> [What this task involves]: With pictures left out, output exactly the lines from the line holding "Asie, Singapour, Parc, Gardens" through the end of the data, both included.

** Information shown follows **

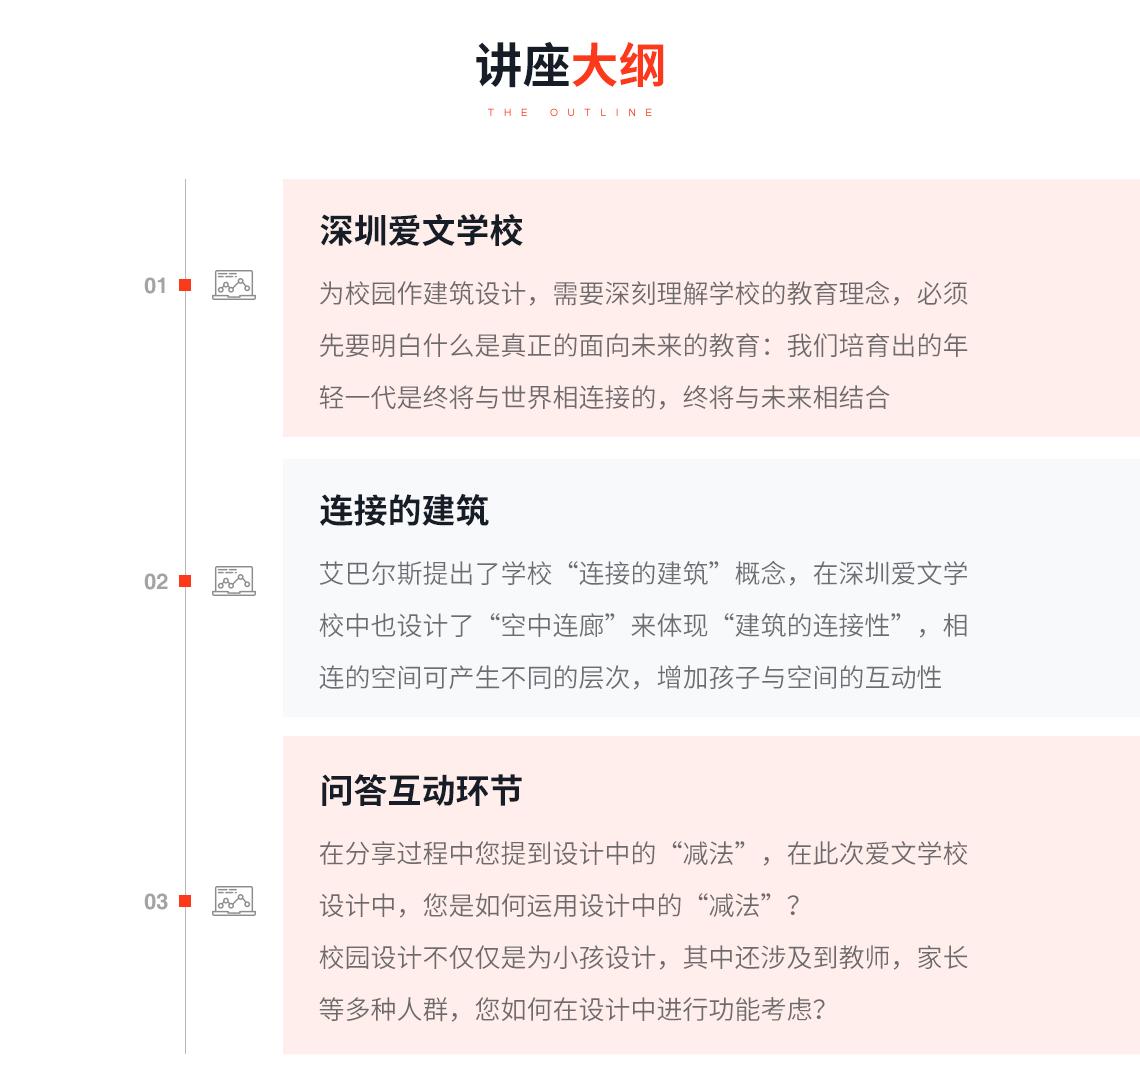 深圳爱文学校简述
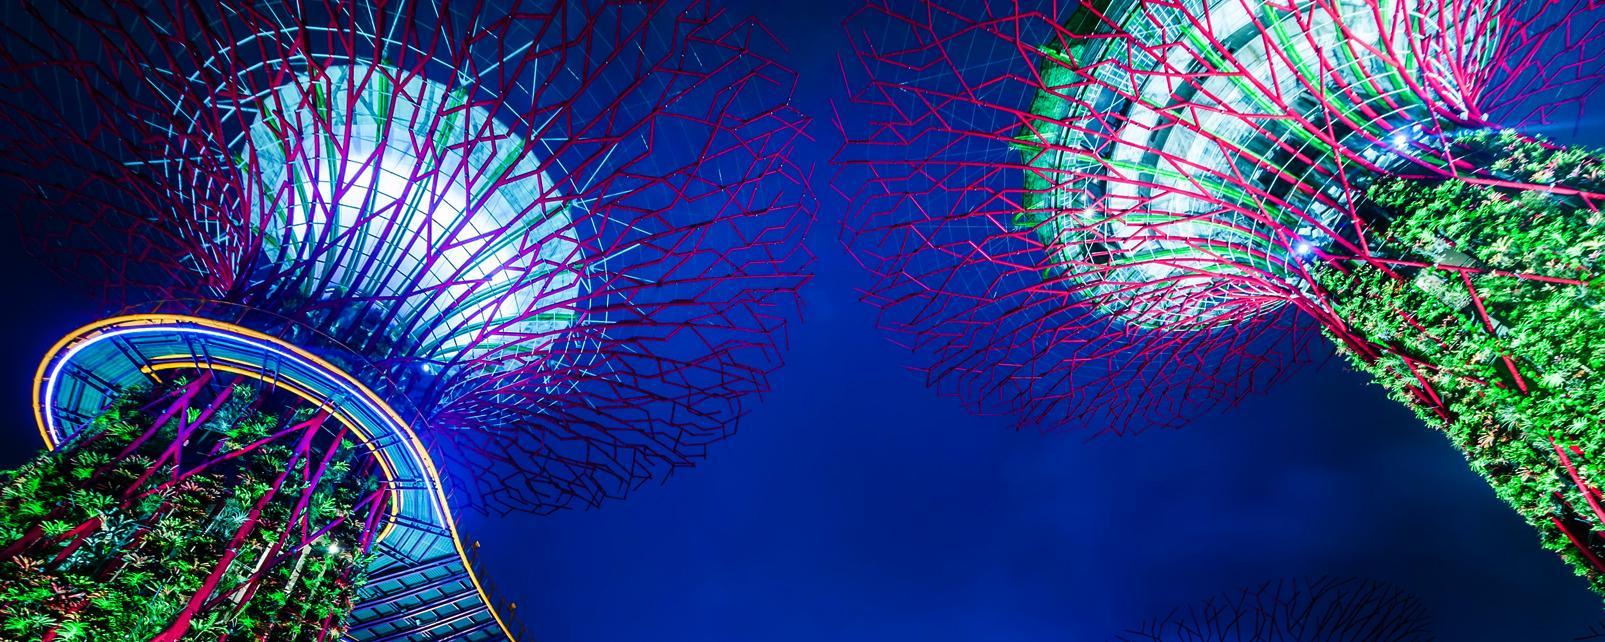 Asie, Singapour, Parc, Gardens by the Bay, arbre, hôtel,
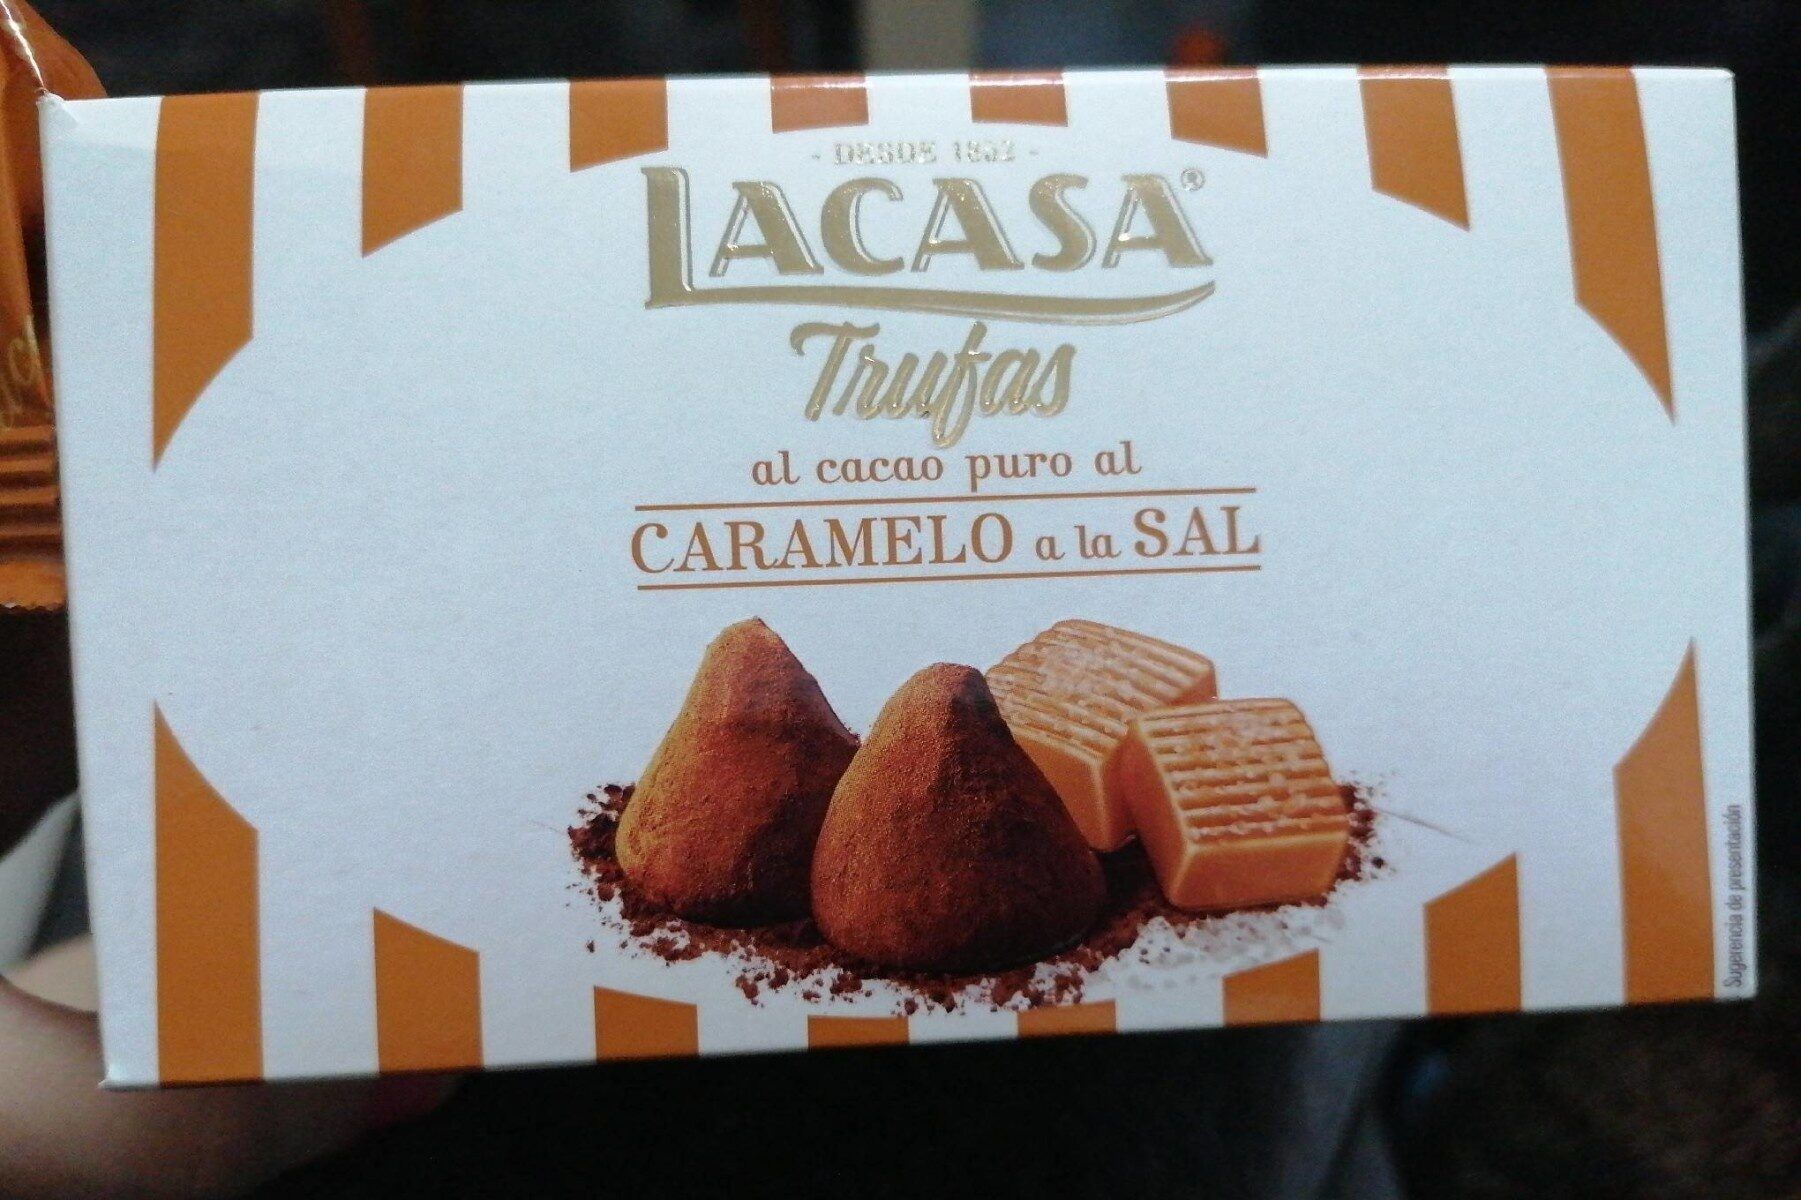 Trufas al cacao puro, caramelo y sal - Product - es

** End of Information shown **

> [Answer box]:
 Asie, Singapour, Parc, Gardens by the Bay, arbre, hôtel,
 Trufas al cacao puro, caramelo y sal - Product - es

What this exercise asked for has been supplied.